潘佩珠 Phan Bội Châu (from last night's entry) drew parallels not only between Japan and Vietnam, but also between the Ryukyus and Vietnam. Shiraishi Masaya (1988: 57-59) wrote:

In 1903 or 1904, a few years before his departure for Japan, Phan wrote an essay entitled [琉球血涙新書] Lưu Câu Huyết Lệ Tân Thư (New Letter with Blood and Tears on the Ryukyus). The original text, unfortunately, has been lost, but according to his autobiographies, he wrote the essay in order to alarm his compatriots about the fact that the Vietnamese nation, which had already lost her sovereignty, was being destroyed by the French, just as the Ryukyus had been completely annexed by Japan.


He hoped his nation would avoid the same fate as that of the Chams [who were conquered by the Vietnamese] and the Ryukyus, and to identify it with a strong and successful Japan.

Phan died in 1940 without ever seeing an independent Vietnam. Ironically, Japan became Vietnam's next conqueror:

In September 1940, shortly after Phan Bội Châu's death, Japan launched the First French Indochina Campaign and invaded French Indochina, mirroring their ally Germany's conquest of metropolitan France. Keeping the French colonial administration, the Japanese ruled from behind the scenes in a parallel of Vichy France. As far as Vietnamese nationalists were concerned, this was a double-puppet government. Emperor Bảo Đại collaborated with the Japanese, just as he had with the French, ensuring his lifestyle could continue.


In March 1945, Japan launched the Second French Indochina Campaign and ousted the Vichy French and formally installed Emperor Bảo Đại in the short-lived Empire of Vietnam.

The French reclaimed Vietnam after WWII only to lose it for good less than a decade later. Today, French rule is a distant memory in Vietnam. But Japan still rules the Ryukyus, and the Ryukyuan languages are far worse off than Vietnamese ever was.

There was a Ryukyu Independence Party (now Kariyushi Club - with a half-English name!) but it never got much support:

[Party founder] Sakima became a candidate of the 1971 House of Councillors election, but failed it with 2673 votes.


[Party member] Yara became the candidate of the 2006 Okinawa Prefectural Governor election, but failed with 6220 votes, or 0.93% of the entire vote. Critics believed this is because the vast majority of Okinawans think independence is unrealistic.

Do they?

In 2005, British-Chinese Lim John Chuan-tiong (林泉忠), associate professor of the University of the Ryukyus, executed a telephone poll of Okinawans over 18. He obtained useful replies from 1029 people. Asked whether they considered themselves Okinawan (沖縄人), Japanese (日本人), or both, the answers were 40.6, 21.3, and 36.5% respectively. When asked whether Okinawa should become independent if the Japanese government allowed (or did not allow) Okinawa to freely decide its future, 24.9% replied Okinawa should become independent with permission, and 20.5% in case of no permission from the Japanese government. Those who believed Okinawa should not declare independence were 58.7% and 57.4% respectively.

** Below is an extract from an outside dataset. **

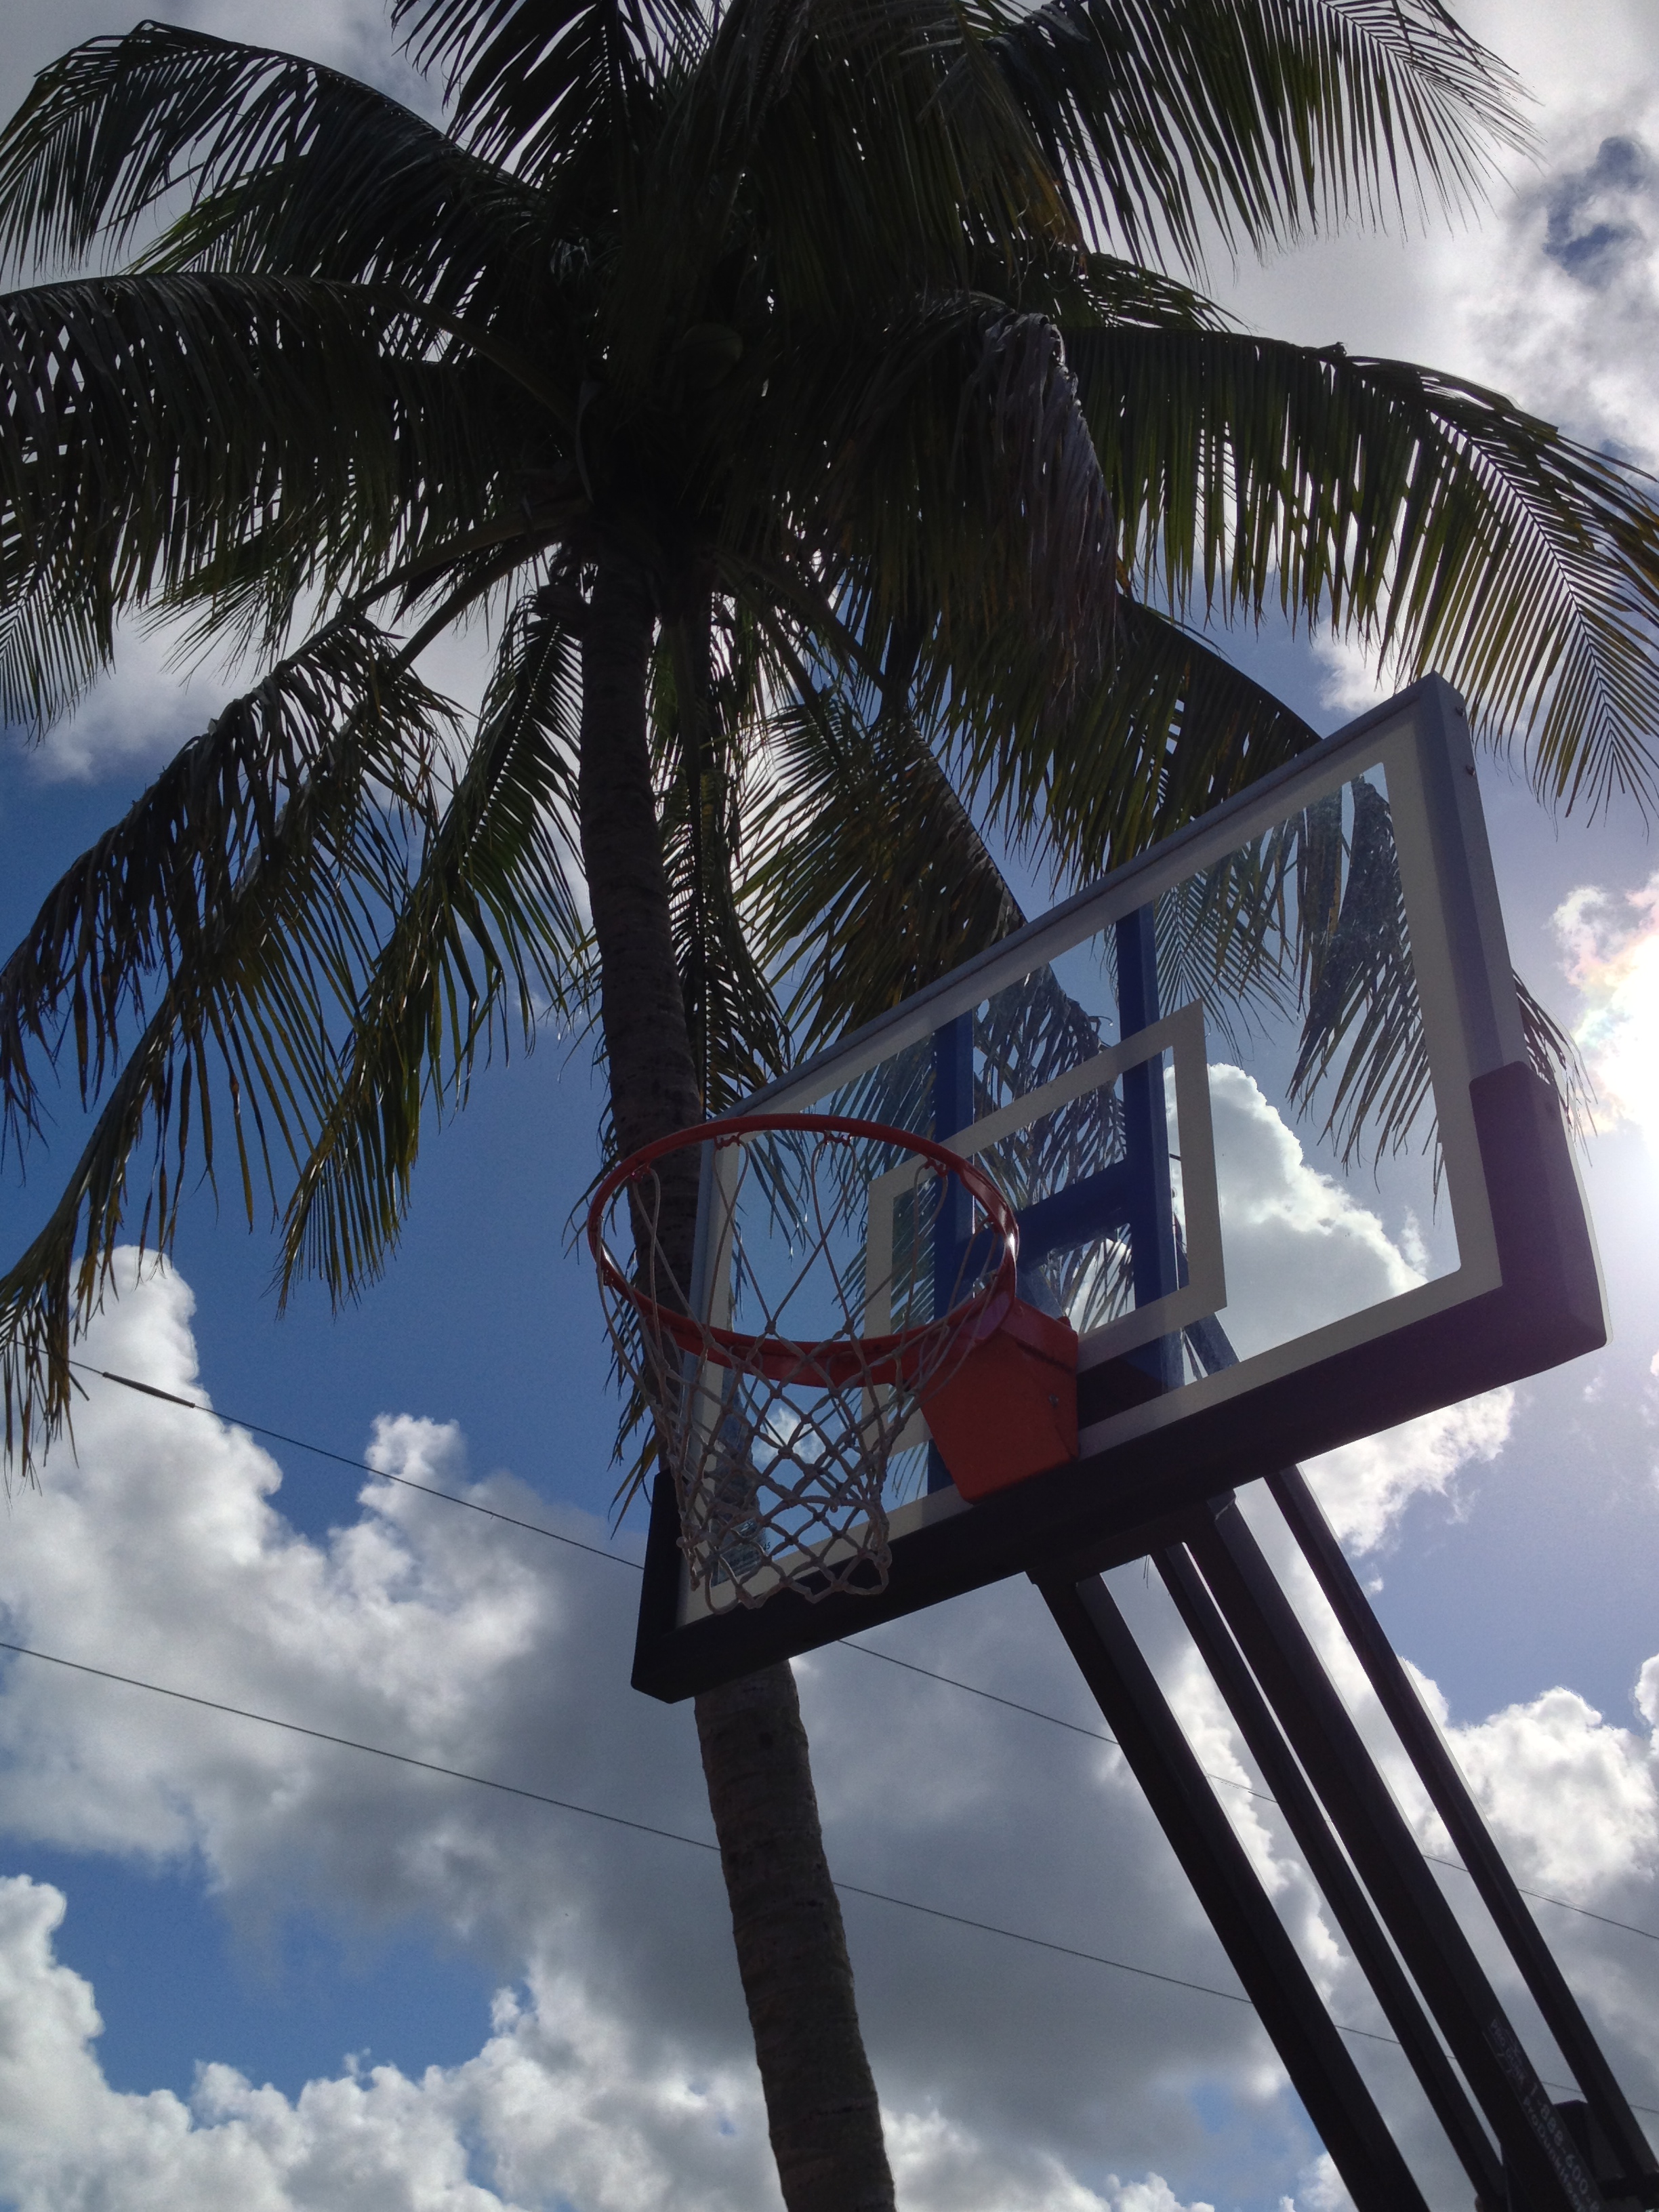 This upward shot shows Florida's well known palm trees above this Pro Dunk Silver Basketball system.

I wonder what the figures for Hawaiian identity and independence are. ARE PLANETS CONFUSING, PLAYING, OR JUST PLAIN GOING?

A Wikipedia entry on the 1967 Japanese TV series 怪獣王子 Monster Prince mentioned aliens called 遊星鳥人 Planetary Birdmen. That got me thinking about the term 遊星 yuusei 'planet' (lit. 'play-star') which seems old-fashioned. The current term for 'planet' is 惑星 wakusei (lit. 'confuse-star'). Today I found this article on the history of the Japanese words for 'planet' including the extinct 行星 gyousei (lit. 'go-star') and the dubious 迷星 meisei (? lit. 'lost-star'). 惑星 was first attested in 1792, 遊星 in 1823 (as 游星; even though I assumed it was older than 惑星!), and 行星 around the late 1850s via Chinese. The first two of these terms may have been attempts to loosely calque Dutch dwaalster 'planet' (lit. 'wander-star'; cf. Greek πλανήτης αστήρ 'wandering star') and the third might have been a loose calque directly based on Greek.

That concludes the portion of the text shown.